7. Participation in Underwritten Registrations. No Person may
participate in any Underwritten Offering hereunder unless such Person (i) agrees
to sell such Person's Registrable Securities on the basis provided in any
customary underwriting arrangements approved by the Persons entitled hereunder
to approve such arrangements and (ii) completes and executes all questionnaires,
powers of attorney, indemnities, underwriting agreements and other documents
required under the terms of such underwriting arrangements. Nothing in this
Section 7 shall be construed to create any additional rights regarding the
registration of Registrable Securities in any Person otherwise than as set forth
herein.
8. Term of Agreement. This Agreement may be terminated at any time by a
written instrument signed by Holders of all of the Registrable Securities then
outstanding. Unless sooner terminated in accordance with the preceding sentence,
this Agreement shall terminate in its entirety on such date as the Purchasers
shall cease to be the Holders of all Registrable Securities.
9. Entire Agreement; Assignment.
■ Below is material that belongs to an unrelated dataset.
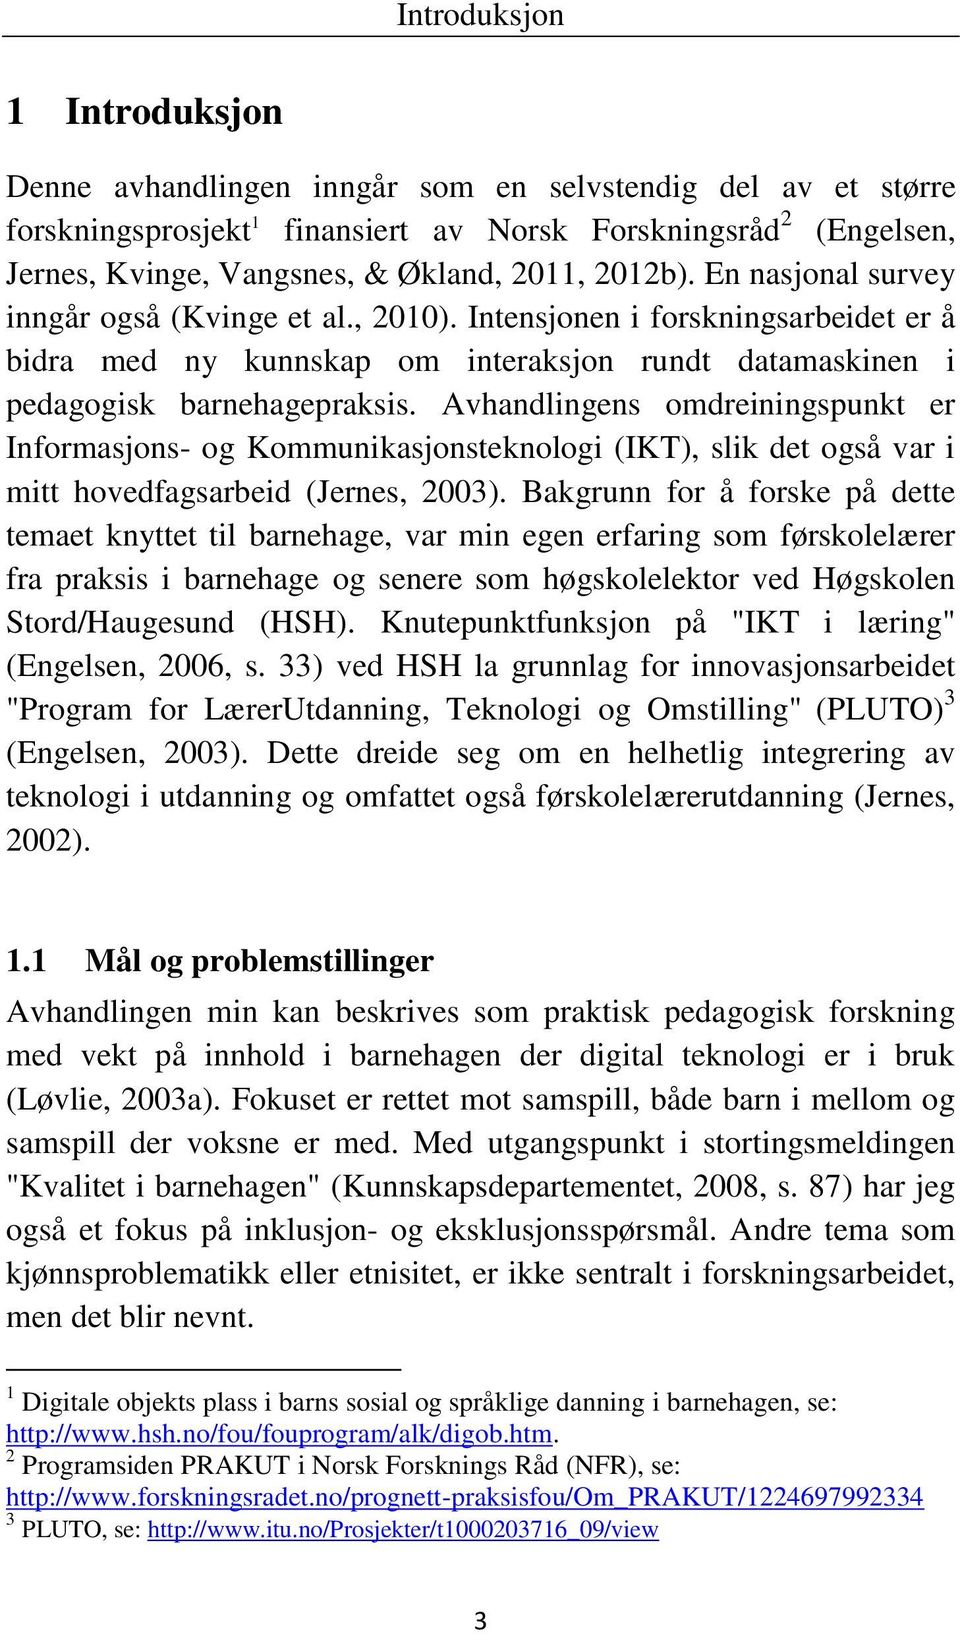 Avhandlingens omdreiningspunkt er Informasjons- og Kommunikasjonsteknologi (IKT), slik det også var i mitt hovedfagsarbeid (Jernes, 2003).

This Agreement (a) constitutes the
entire agreement between the parties hereto with respect to the subject matter
hereof and supersedes all other prior agreements and understandings, both
written and oral, between the parties with respect to the subject matter hereof
and (b) shall not be assigned by operation of law or otherwise.
10. Amendment. The provisions of this Agreement, including the
provisions of this Section 10, may not be amended, modified or supplemented, and
waivers or consents to departures from the provisions hereof may not be given
unless the Company has obtained the written consent of Holders of a majority of
the Registrable Securities then outstanding, and any such consent so obtained
shall be binding on all Holders of Registrable Securities.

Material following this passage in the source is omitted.